YOUR INSTRUCTIONS: Starting at the first line of the records below, transcribe each line exactly, ending with the line that contains "Vineyards in Champagne".

Segment Open

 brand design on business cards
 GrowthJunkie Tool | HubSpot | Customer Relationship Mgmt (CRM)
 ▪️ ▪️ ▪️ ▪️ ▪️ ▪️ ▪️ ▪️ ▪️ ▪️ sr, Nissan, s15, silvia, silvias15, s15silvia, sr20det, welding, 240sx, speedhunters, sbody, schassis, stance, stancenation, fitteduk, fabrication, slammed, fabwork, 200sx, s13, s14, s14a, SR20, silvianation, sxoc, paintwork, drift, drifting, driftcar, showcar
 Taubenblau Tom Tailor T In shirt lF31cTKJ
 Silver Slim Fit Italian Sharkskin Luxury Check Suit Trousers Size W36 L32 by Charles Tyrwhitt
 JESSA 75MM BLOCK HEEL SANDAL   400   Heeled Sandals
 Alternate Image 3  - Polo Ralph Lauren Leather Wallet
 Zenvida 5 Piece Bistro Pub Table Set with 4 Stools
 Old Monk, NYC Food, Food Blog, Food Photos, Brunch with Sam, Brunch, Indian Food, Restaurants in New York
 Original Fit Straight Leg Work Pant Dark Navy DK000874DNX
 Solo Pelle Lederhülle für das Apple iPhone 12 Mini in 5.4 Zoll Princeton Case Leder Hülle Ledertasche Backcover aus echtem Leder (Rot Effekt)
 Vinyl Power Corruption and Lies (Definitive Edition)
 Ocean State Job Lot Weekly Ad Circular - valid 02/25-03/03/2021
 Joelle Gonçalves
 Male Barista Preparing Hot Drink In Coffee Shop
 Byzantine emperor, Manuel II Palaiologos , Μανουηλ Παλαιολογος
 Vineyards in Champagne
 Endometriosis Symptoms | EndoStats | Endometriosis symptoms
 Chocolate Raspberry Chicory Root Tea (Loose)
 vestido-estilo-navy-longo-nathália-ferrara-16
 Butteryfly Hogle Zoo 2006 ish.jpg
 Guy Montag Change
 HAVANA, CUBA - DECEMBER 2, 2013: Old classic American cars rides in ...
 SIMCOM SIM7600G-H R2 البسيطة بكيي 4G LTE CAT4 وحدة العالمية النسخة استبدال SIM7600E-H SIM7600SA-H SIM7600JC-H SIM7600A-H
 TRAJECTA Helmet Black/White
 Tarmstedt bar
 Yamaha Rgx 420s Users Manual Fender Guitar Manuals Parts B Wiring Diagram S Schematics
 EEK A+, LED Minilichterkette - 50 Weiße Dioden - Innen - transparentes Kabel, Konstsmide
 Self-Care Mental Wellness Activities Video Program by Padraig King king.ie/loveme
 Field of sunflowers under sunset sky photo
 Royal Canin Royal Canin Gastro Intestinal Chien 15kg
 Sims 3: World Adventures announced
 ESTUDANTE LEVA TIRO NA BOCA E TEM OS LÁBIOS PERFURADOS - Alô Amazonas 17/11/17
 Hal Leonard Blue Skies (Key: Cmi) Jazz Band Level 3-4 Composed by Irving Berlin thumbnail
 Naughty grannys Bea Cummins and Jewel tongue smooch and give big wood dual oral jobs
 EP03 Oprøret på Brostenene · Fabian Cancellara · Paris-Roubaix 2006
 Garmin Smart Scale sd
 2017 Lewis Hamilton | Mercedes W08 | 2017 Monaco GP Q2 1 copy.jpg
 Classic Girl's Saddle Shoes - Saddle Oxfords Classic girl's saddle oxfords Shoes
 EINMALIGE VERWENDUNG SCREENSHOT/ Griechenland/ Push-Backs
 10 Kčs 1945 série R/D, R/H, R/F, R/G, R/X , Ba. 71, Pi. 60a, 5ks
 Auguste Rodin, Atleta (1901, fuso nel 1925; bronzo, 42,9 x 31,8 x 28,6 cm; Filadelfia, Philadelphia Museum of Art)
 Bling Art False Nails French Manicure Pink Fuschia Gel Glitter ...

Segment Closed

TASK OUTPUT:
 brand design on business cards
 GrowthJunkie Tool | HubSpot | Customer Relationship Mgmt (CRM)
 ▪️ ▪️ ▪️ ▪️ ▪️ ▪️ ▪️ ▪️ ▪️ ▪️ sr, Nissan, s15, silvia, silvias15, s15silvia, sr20det, welding, 240sx, speedhunters, sbody, schassis, stance, stancenation, fitteduk, fabrication, slammed, fabwork, 200sx, s13, s14, s14a, SR20, silvianation, sxoc, paintwork, drift, drifting, driftcar, showcar
 Taubenblau Tom Tailor T In shirt lF31cTKJ
 Silver Slim Fit Italian Sharkskin Luxury Check Suit Trousers Size W36 L32 by Charles Tyrwhitt
 JESSA 75MM BLOCK HEEL SANDAL   400   Heeled Sandals
 Alternate Image 3  - Polo Ralph Lauren Leather Wallet
 Zenvida 5 Piece Bistro Pub Table Set with 4 Stools
 Old Monk, NYC Food, Food Blog, Food Photos, Brunch with Sam, Brunch, Indian Food, Restaurants in New York
 Original Fit Straight Leg Work Pant Dark Navy DK000874DNX
 Solo Pelle Lederhülle für das Apple iPhone 12 Mini in 5.4 Zoll Princeton Case Leder Hülle Ledertasche Backcover aus echtem Leder (Rot Effekt)
 Vinyl Power Corruption and Lies (Definitive Edition)
 Ocean State Job Lot Weekly Ad Circular - valid 02/25-03/03/2021
 Joelle Gonçalves
 Male Barista Preparing Hot Drink In Coffee Shop
 Byzantine emperor, Manuel II Palaiologos , Μανουηλ Παλαιολογος
 Vineyards in Champagne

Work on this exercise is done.